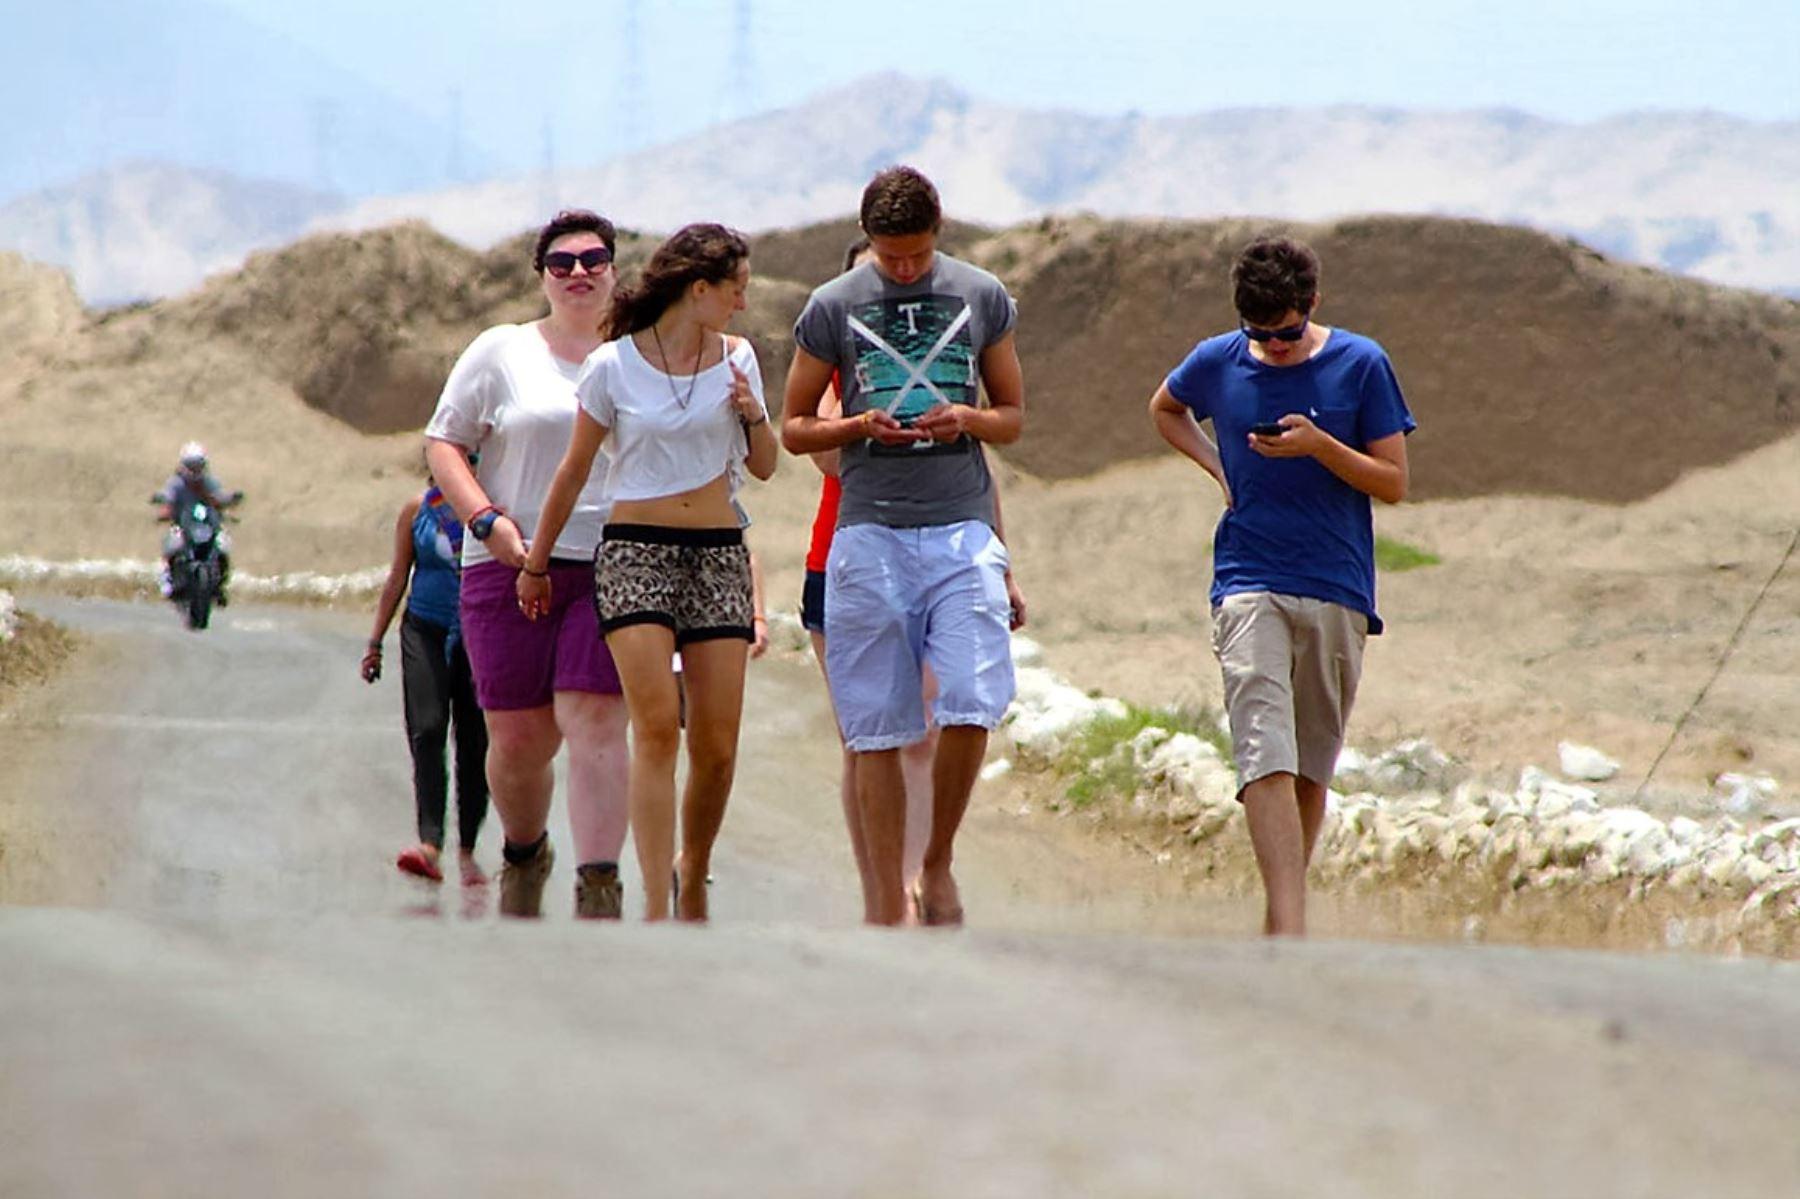 Turistas de Estados Unidos encabezan la lista de viajeros extranjeros que visitan complejo arqueológico Chan Chan, en Trujillo. ANDINA
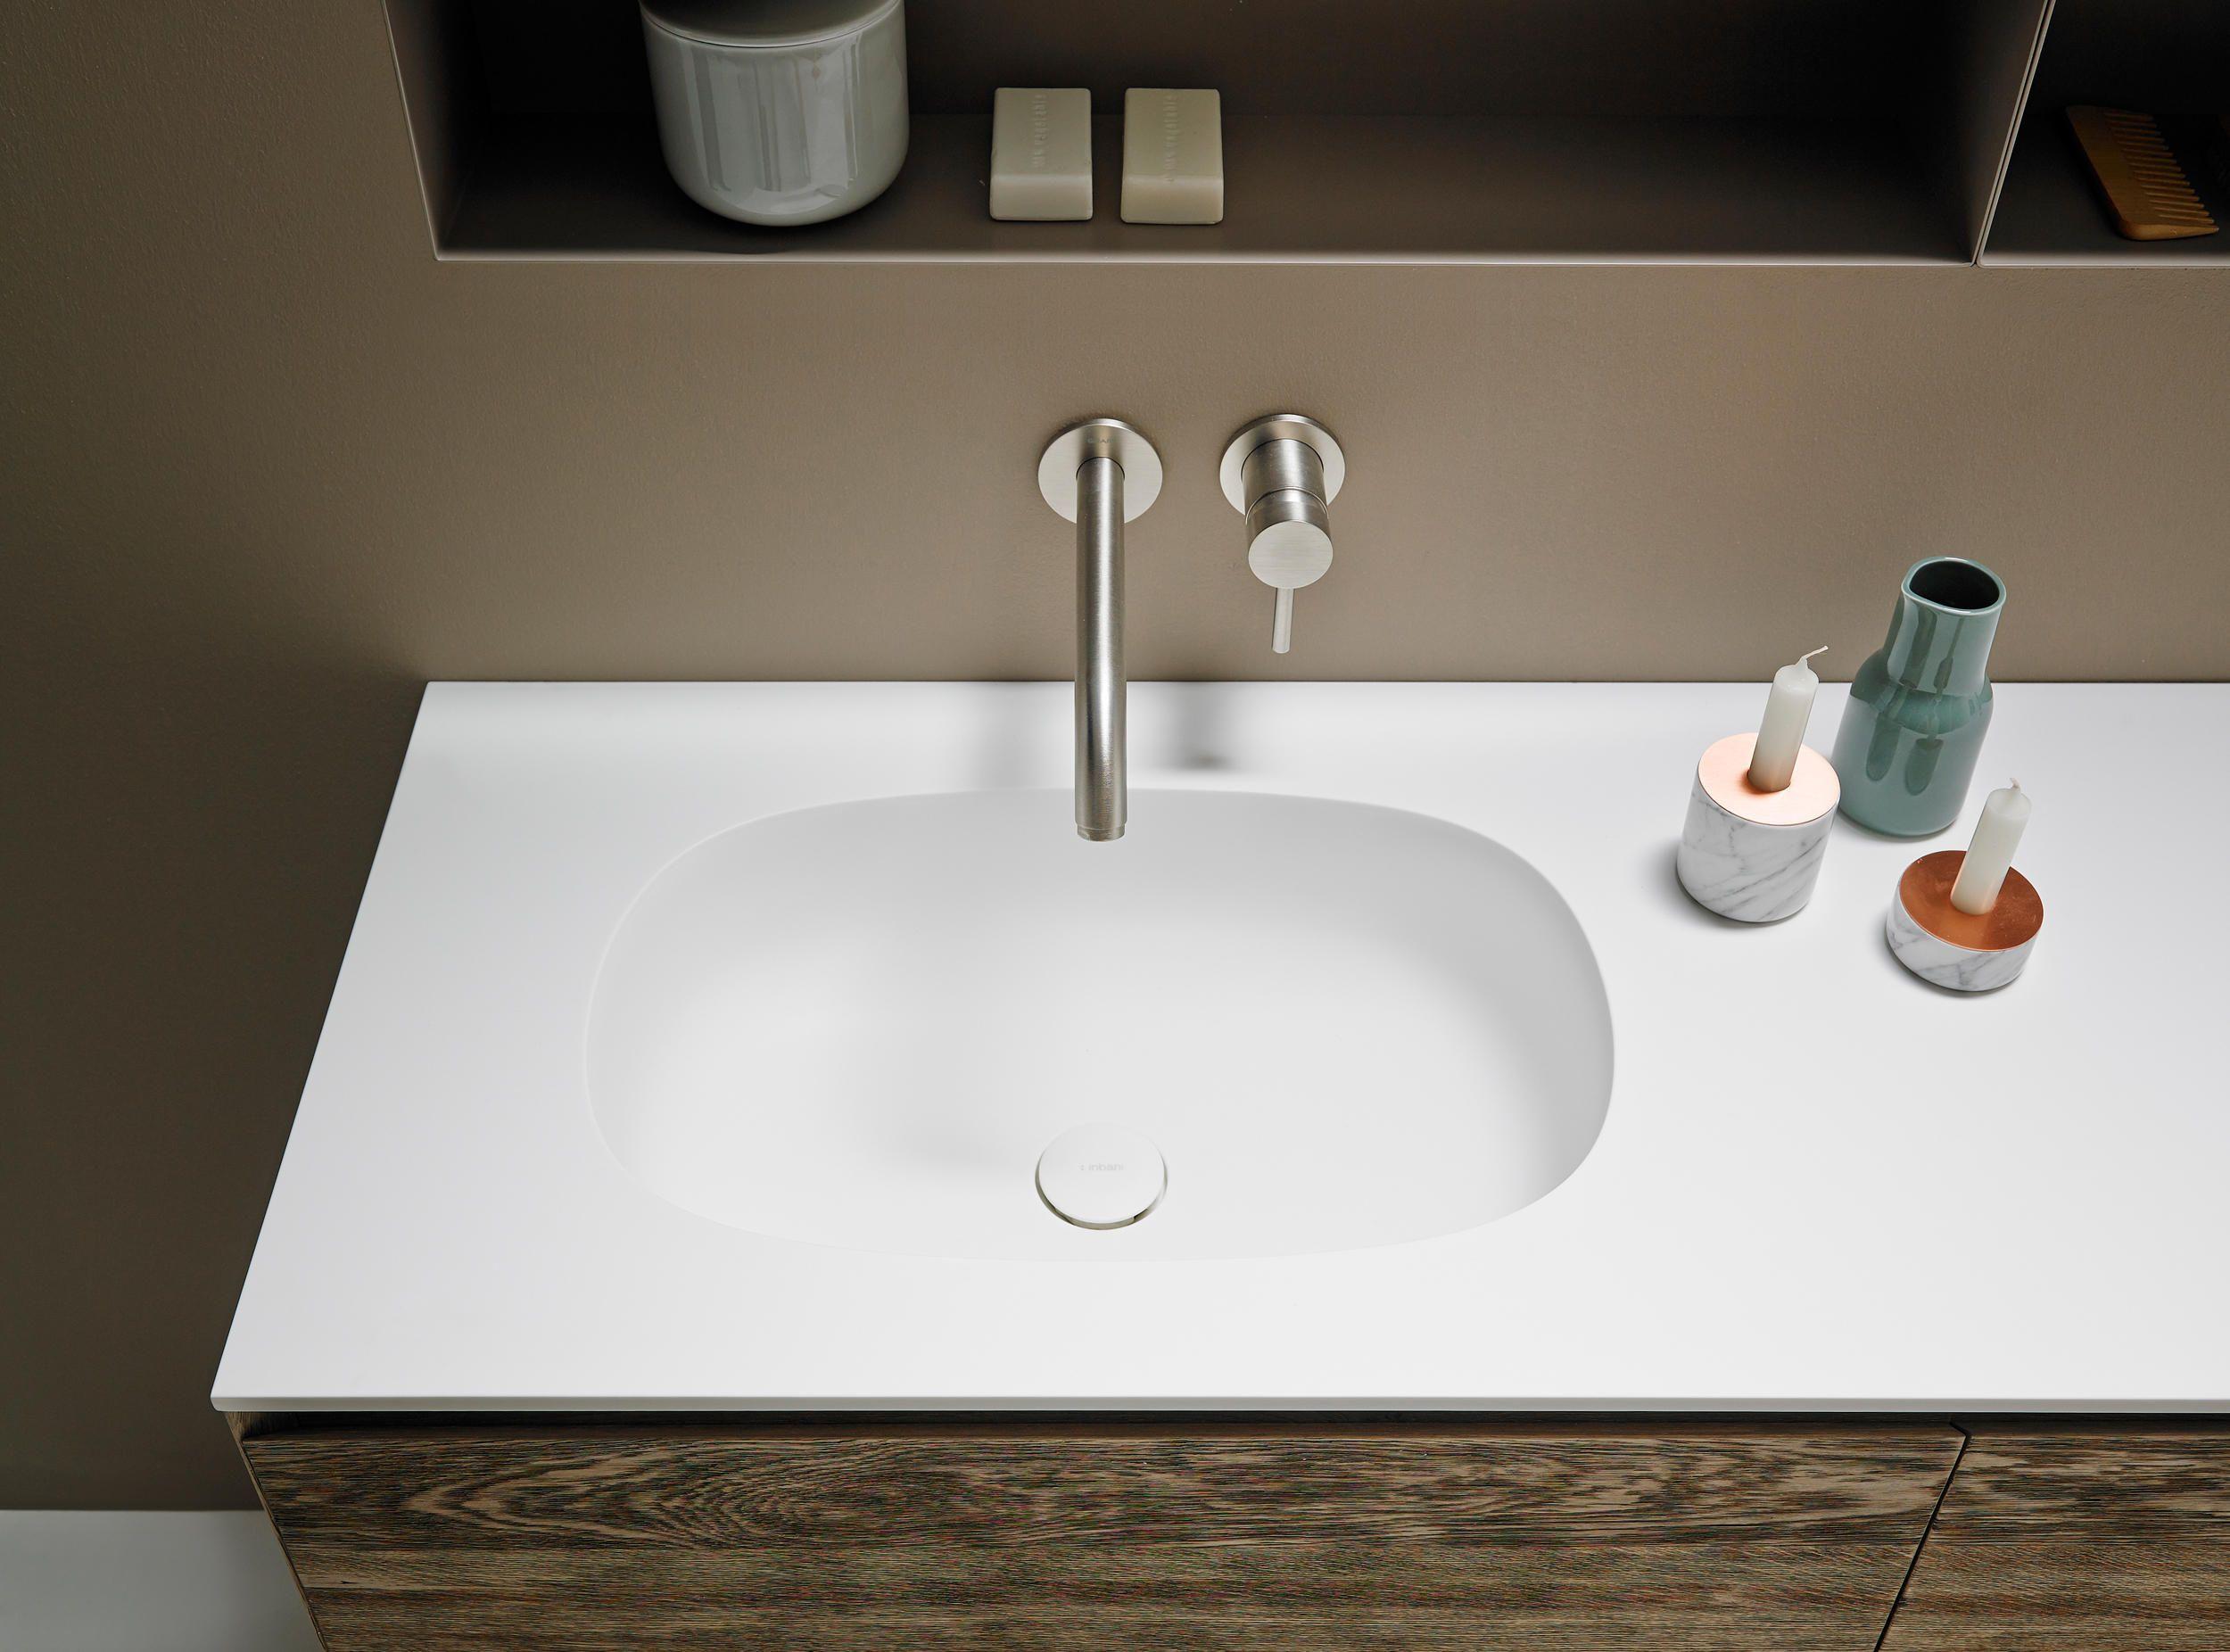 Ovalo Corian® Washbasin Countertop Von Inbani | Waschtische Corian  Waschbecken, Renovierung, Hochauflösende Bilder
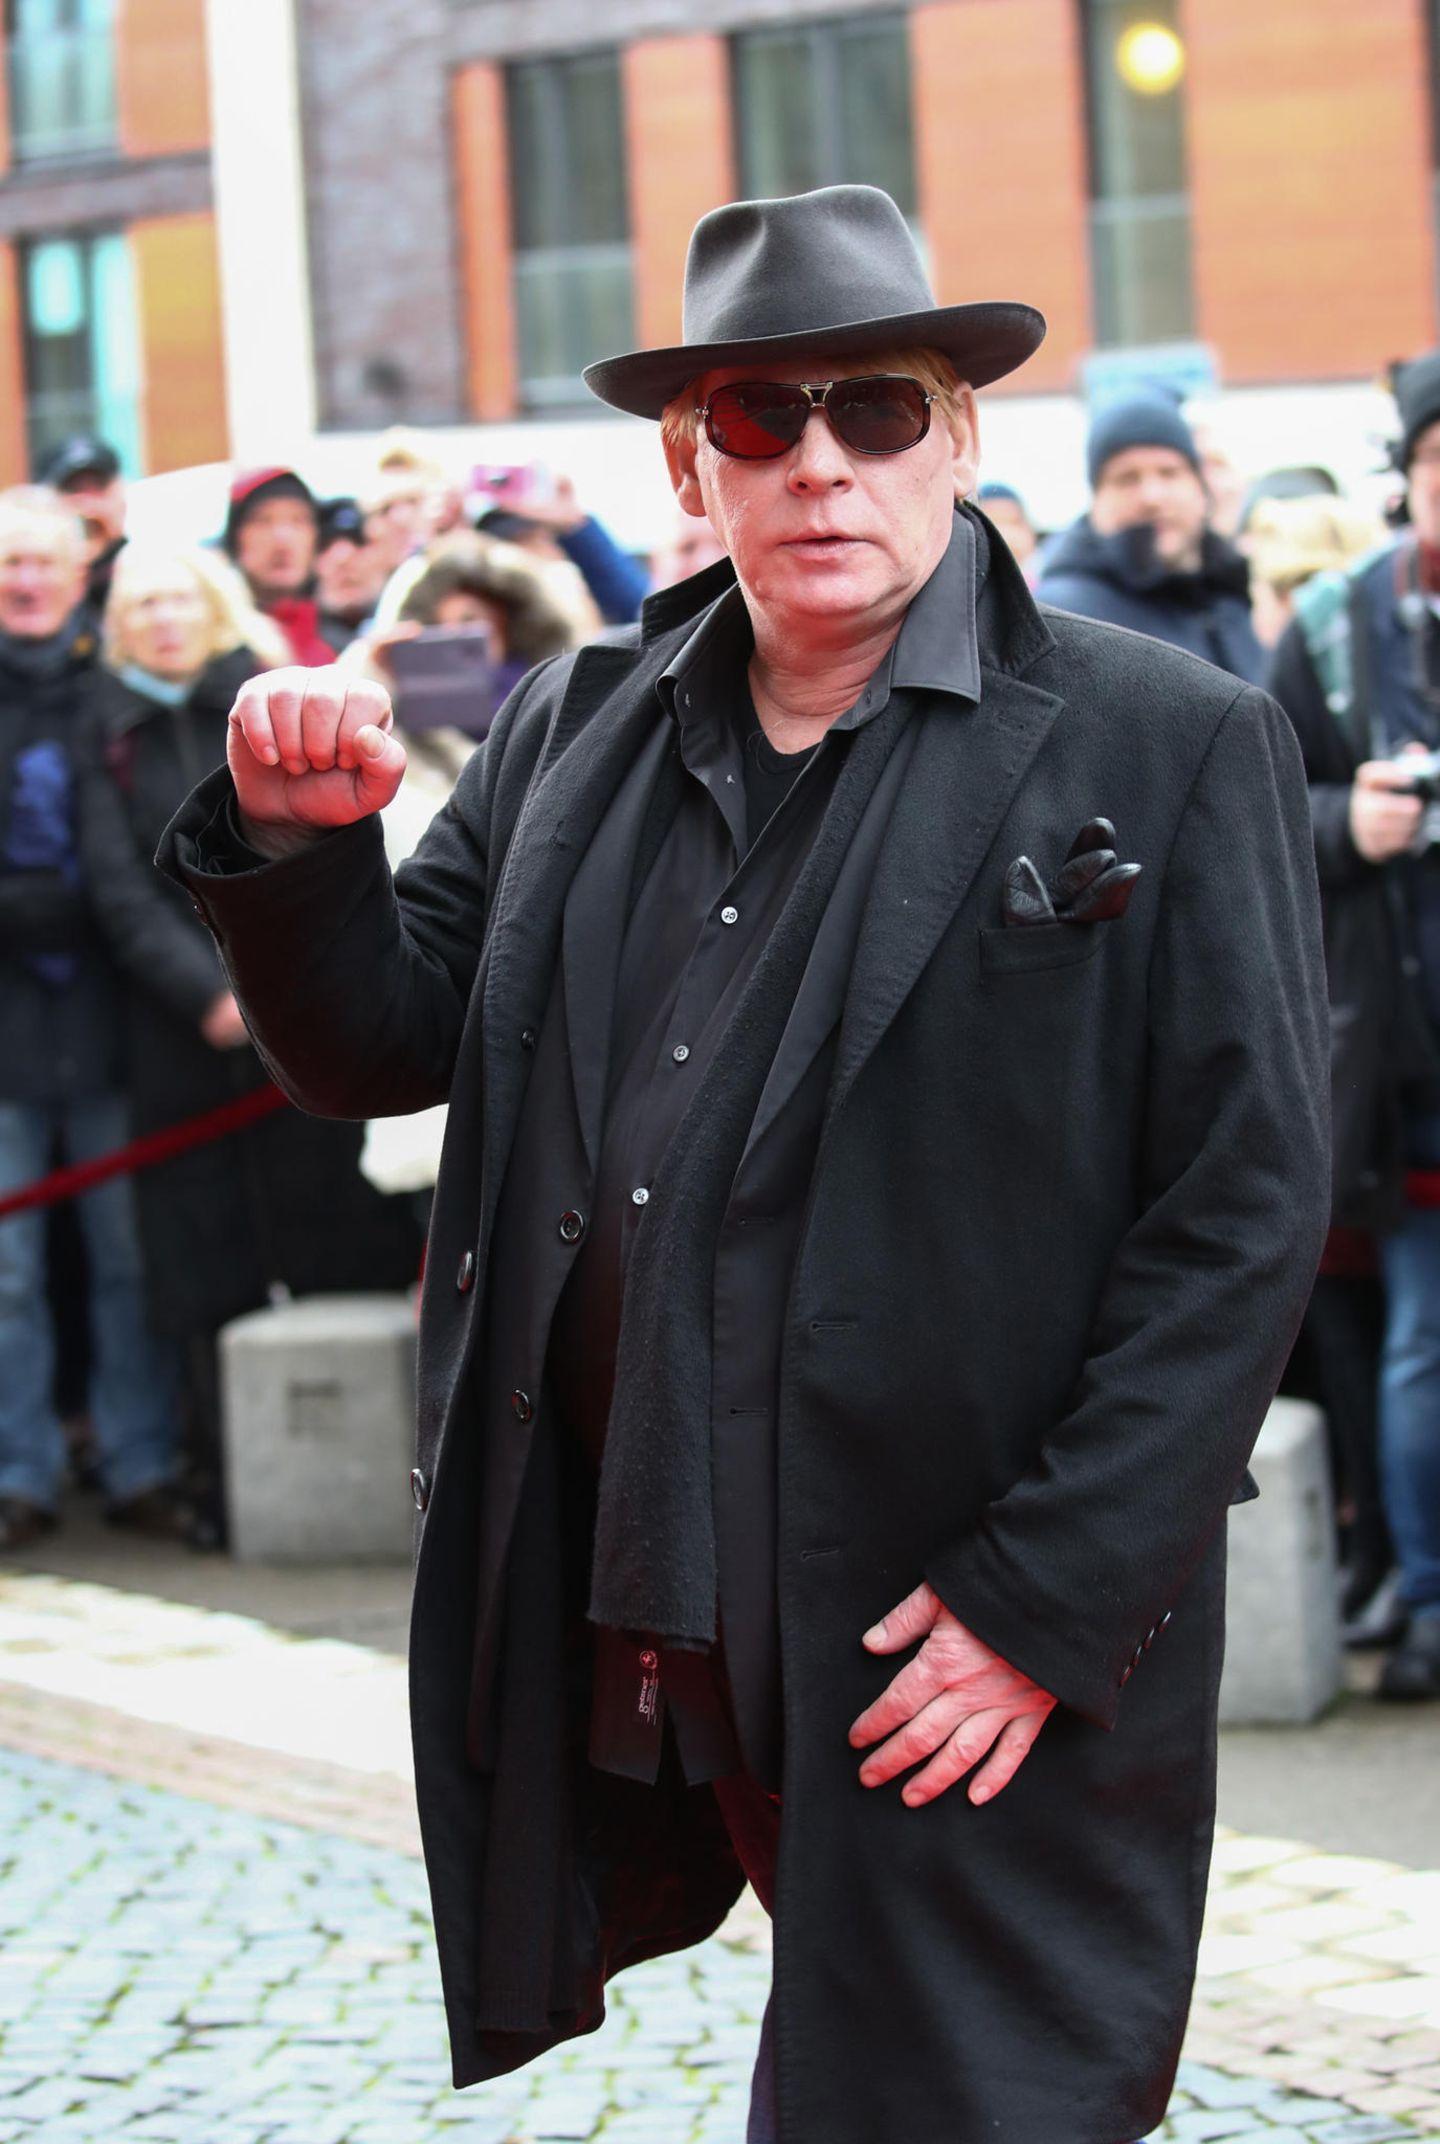 Jan Fedder (†): Hinter Hut und Sonnenbrille versteckt, erscheint Schauspieler Ben Becker vor der Hamburger Hauptkirche.

Work instruction
Starting with the line that contains "Ovalo Corian® Washbasin" and ending with the last line of the material, every line must be written out exactly; no other lines and no pictures are wanted.

Output below
 Ovalo Corian® Washbasin Countertop Von Inbani | Waschtische Corian  Waschbecken, Renovierung, Hochauflösende Bilder
 Jan Fedder (†): Hinter Hut und Sonnenbrille versteckt, erscheint Schauspieler Ben Becker vor der Hamburger Hauptkirche.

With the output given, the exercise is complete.